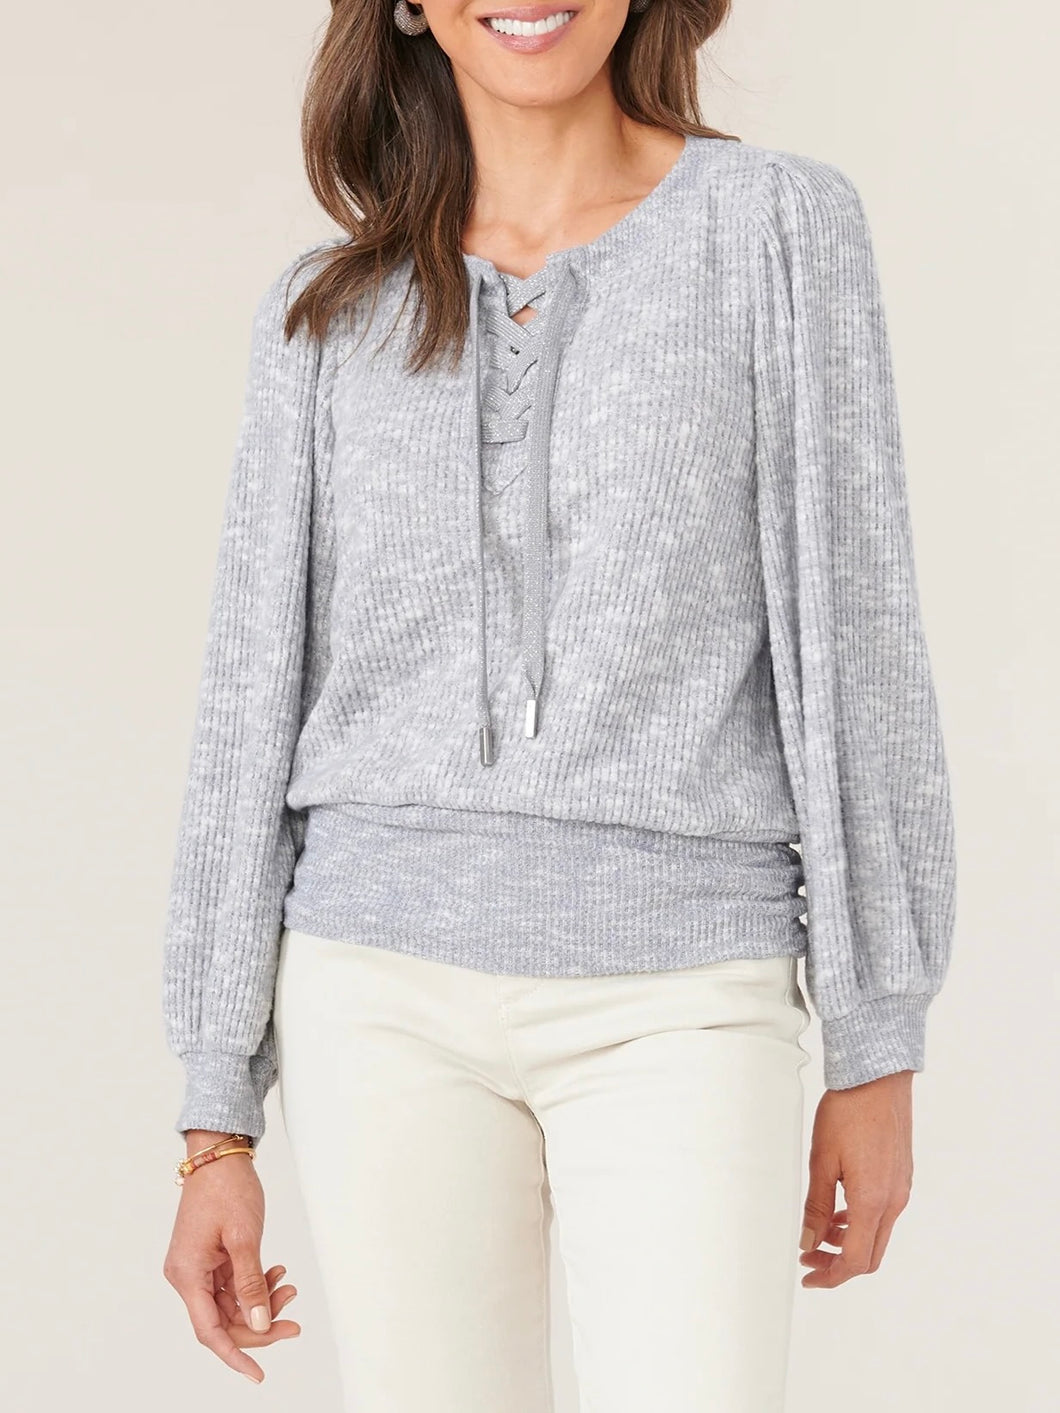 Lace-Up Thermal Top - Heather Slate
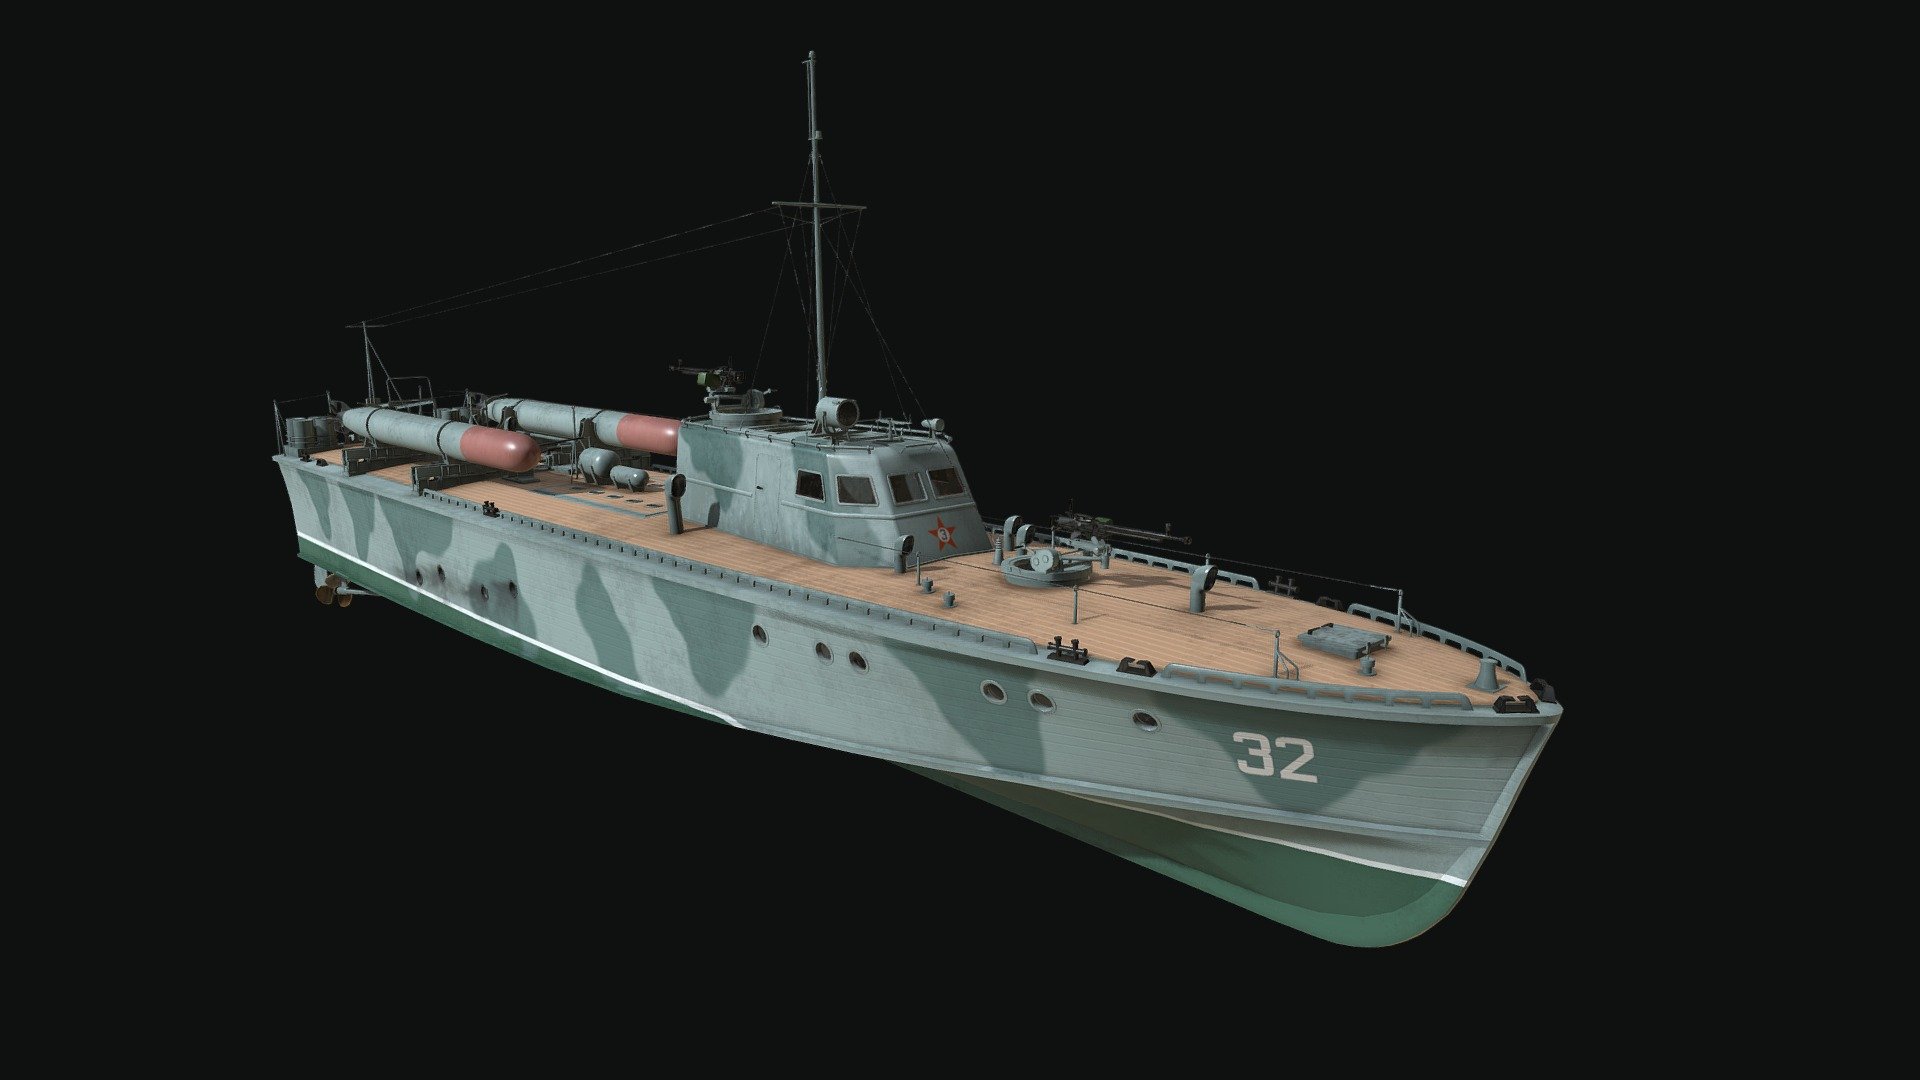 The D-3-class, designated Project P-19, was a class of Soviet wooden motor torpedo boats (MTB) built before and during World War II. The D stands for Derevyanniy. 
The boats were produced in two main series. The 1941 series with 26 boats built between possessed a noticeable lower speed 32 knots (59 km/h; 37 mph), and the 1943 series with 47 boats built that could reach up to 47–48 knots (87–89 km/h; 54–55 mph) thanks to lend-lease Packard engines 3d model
==
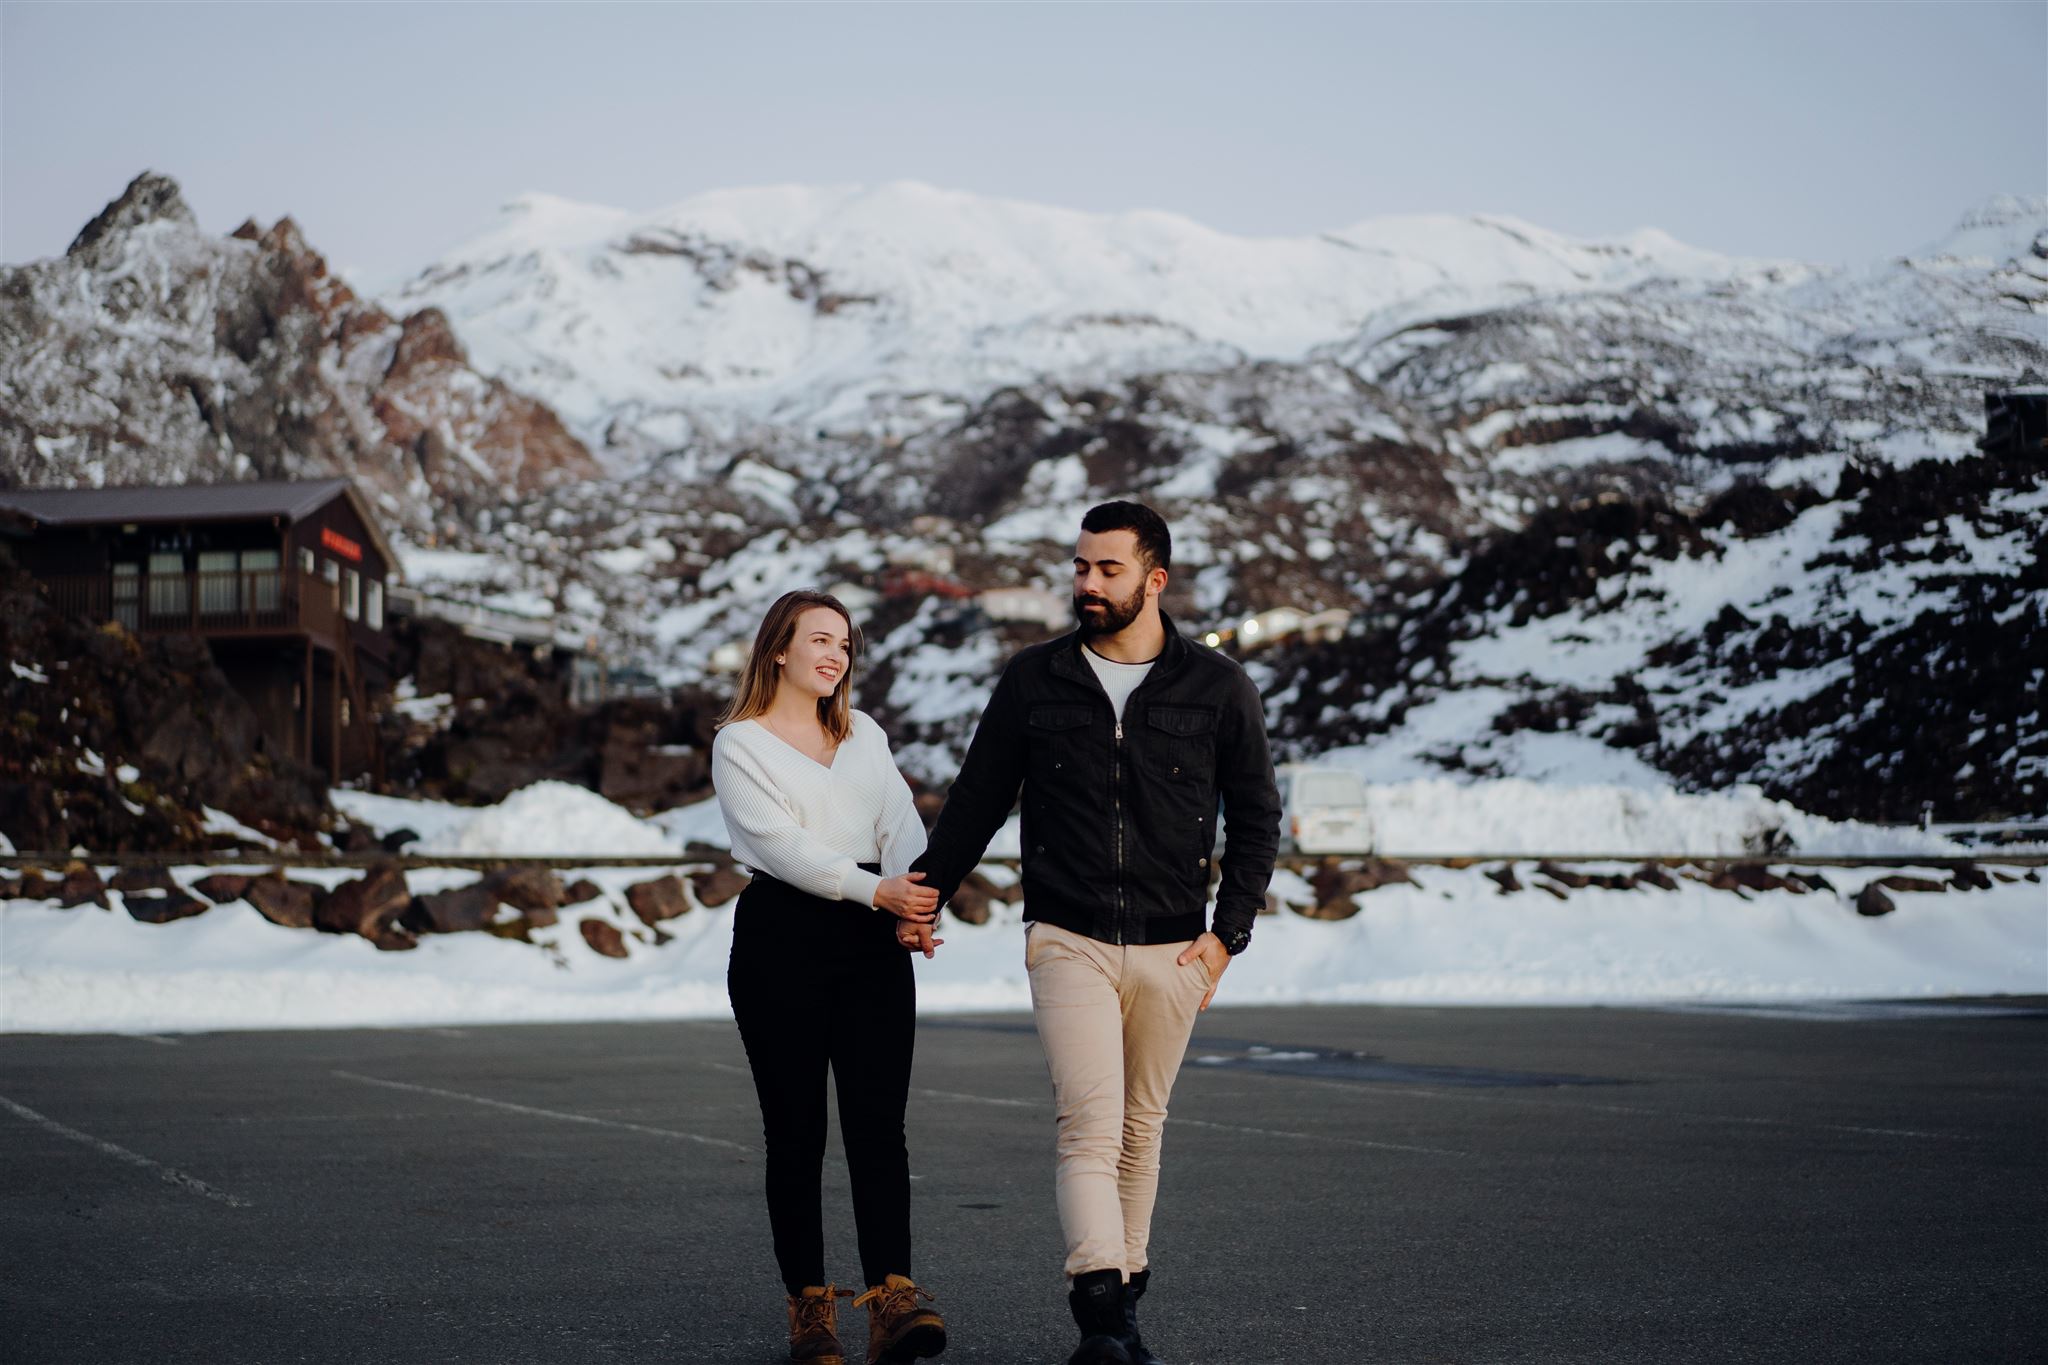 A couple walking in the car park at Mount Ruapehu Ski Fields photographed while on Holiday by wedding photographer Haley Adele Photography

## [EXERCISE AIM]
In the entries above, find the line with "The D-3-class, designated" and the line with "The boats were". Write out exactly those two lines and every line between them, pictures excluded.

## [SOLUTION]
 The D-3-class, designated Project P-19, was a class of Soviet wooden motor torpedo boats (MTB) built before and during World War II. The D stands for Derevyanniy. 
The boats were produced in two main series. The 1941 series with 26 boats built between possessed a noticeable lower speed 32 knots (59 km/h; 37 mph), and the 1943 series with 47 boats built that could reach up to 47–48 knots (87–89 km/h; 54–55 mph) thanks to lend-lease Packard engines 3d model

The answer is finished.